Hyperparameter Tuning (W&B Sweeps)

DantinoX natively supports automated hyperparameter search using Weights & Biases (W&B). The search relies on a Bayesian optimization strategy designed to minimize the validation loss (val_loss) by efficiently exploring architectural and training configurations.

To launch a sweep, use the provided configuration.

Sweep Configuration (sweep.yaml)

program: train_sweep.py
method: bayes
metric:
  name: val_loss
  goal: minimize
parameters:
  epochs:
    values: [12, 16, 20, 24]
  optimizer:
    values: ["adamw", "adafactor", "lion"]
  tokenizer_type:
    values: ["char", "bpe"]
  max_context:
    values: [256, 512]
  weight_tying:
    values: [true, false]
  dropout_rate:
    values: [0.0, 0.1, 0.15]
  lr:
    distribution: log_uniform_values
    min: 0.0001
    max: 0.005
  batch_size:
    values: [16, 32, 64]
  grad_accum:
    values: [2, 4, 8]
  warmup_steps:
    values: [50, 100, 200]
  dim:
    values: [256, 512]
  num_blocks:
    values: [4, 8, 12]
  kv_heads:
    values: [2, 4]
  use_moe:
    values: [true, false]
  n_experts:
    values: [4]
  top_k_mlp:
    values: [1, 2]
  expansion:
    values: [2, 4]
  alpha_balance:
    distribution: uniform
    min: 0.01
    max: 0.15
  sliding_window:
    values: [true, false]
  context_window:
    values: [32, 64, 128]
  no_sink:
    values: [true, false]
  pos_encoding:
    values: ["rotary", "absolute"]
command:
  - ${env}
  - python
  - ${program}
  - ${args}

Execution

Initialize the sweep and start the agent:

wandb sweep sweep.yaml
wandb agent <USERNAME/PROJECT/SWEEP_ID>

⚠️ Technical Note on Grouped Query Attention (GQA): > To prevent tensor shape mismatches and XLA compilation crashes during the automated search, the total number of query heads (n_heads) and head dimensions (head_size) are dynamically calculated inside train_sweep.py based on the selected dim and kv_heads. This ensures that the attention projections remain mathematically consistent across all Bayesian trials.

Empirical Results & Ablation Studies

Through extensive hyperparameter sweeps (ID: cacbxc69) logged via Weights & Biases, we conducted a comprehensive ablation study. By isolating individual architectural choices, we evaluated their direct impact on convergence stability and memory efficiency.

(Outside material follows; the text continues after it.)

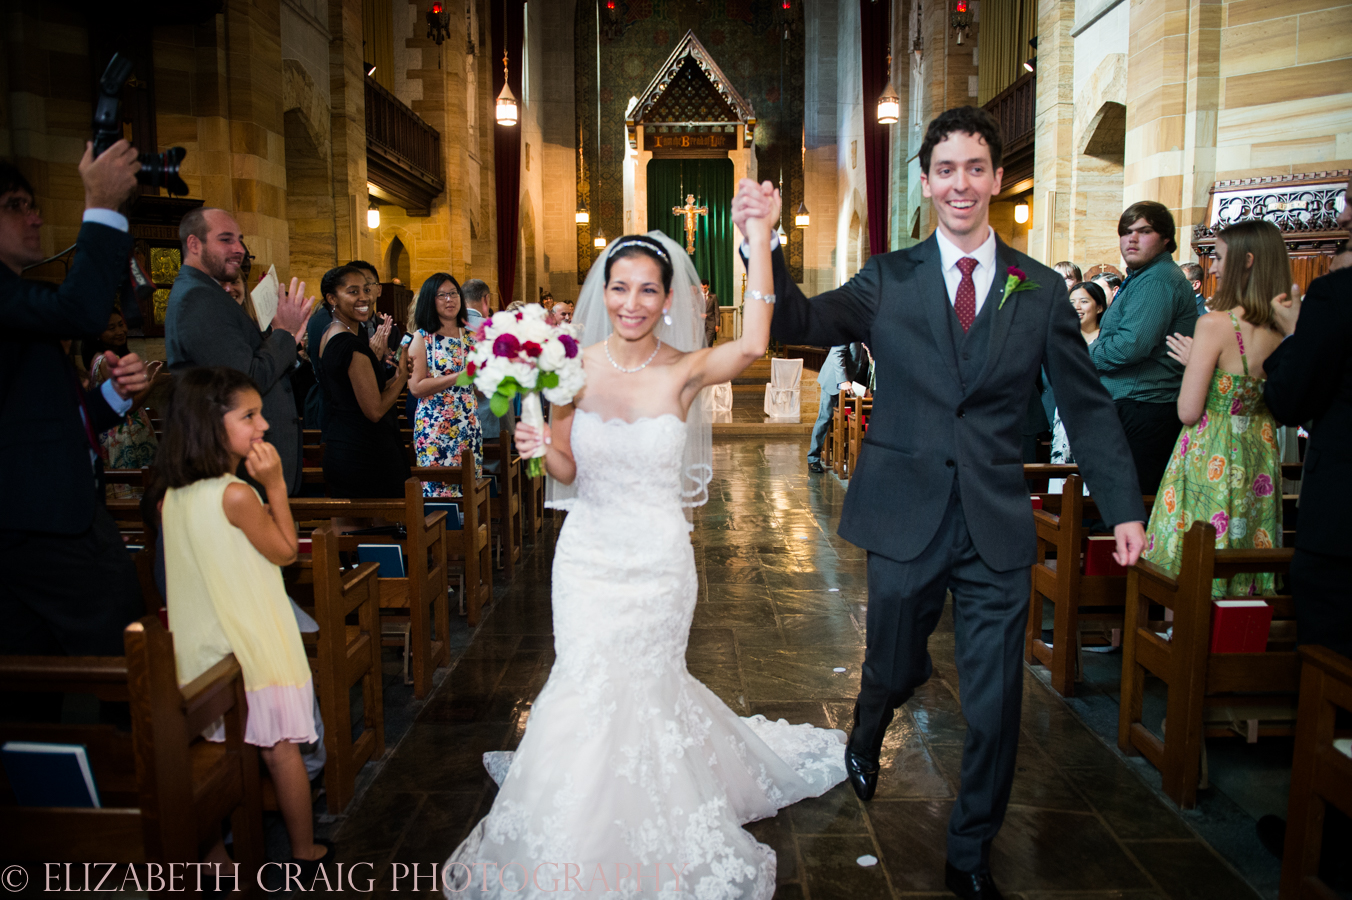 pittsburgh-wedding-photographers-doubletree-pittsburgh-sacred-heart-elizabeth-craig-photography-21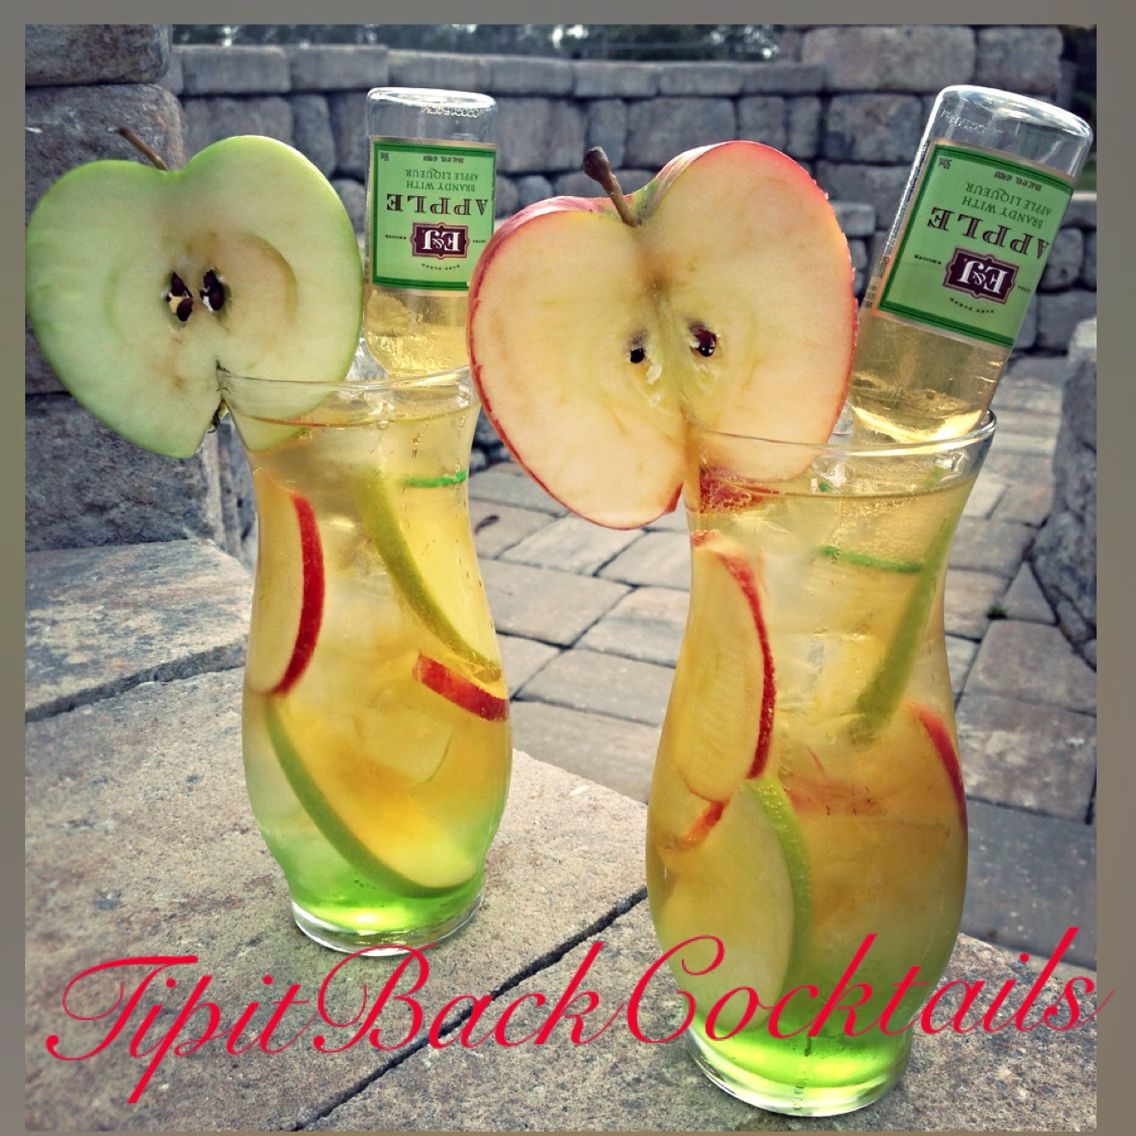 apple eandj. reward your hardworking self with some of these delicious cocktails carmel apple crisp. eandj n

Architectural Impact on Convergence

⚙️ Core Optimization & Routing 🧠 Attention Mechanisms
Optimizer Convergence MoE Impact
Convergence by Optimizer: Isolating the impact of the optimization algorithm across identical architectures. Sparse MoE vs Dense: Evaluating the convergence speed when routing parameters through Top-K experts.
Sliding Window Attention Sink
Sliding Window: Impact of restricting the attention receptive field on the learning trajectory. Attention Sink Gating: Training stability achieved by applying a sigmoid gate (no_sink) to attention outputs.

Memory & Parameter Efficiency

🔗 Parameter Sharing 💾 Memory Footprint
Weight Tying VRAM Footprint
Weight Tying: Convergence behavior when tying the embedding matrix to the output language modeling head. Peak VRAM (Dense vs Sparse MoE): Scaling capacity via MoE while maintaining a constrained VRAM footprint.

Charts generated automatically from W&B Sweep telemetry using the internal plotting scripts.


🔬 Deep Dive: JAX/Flax NNX Training Loop

Training in JAX requires bridging the gap between stateful model architectures and pure, functional transformations like jax.grad and jax.jit. DantinoX implements a highly optimized update step, explicitly managing the functional state to maximize XLA compilation efficiency.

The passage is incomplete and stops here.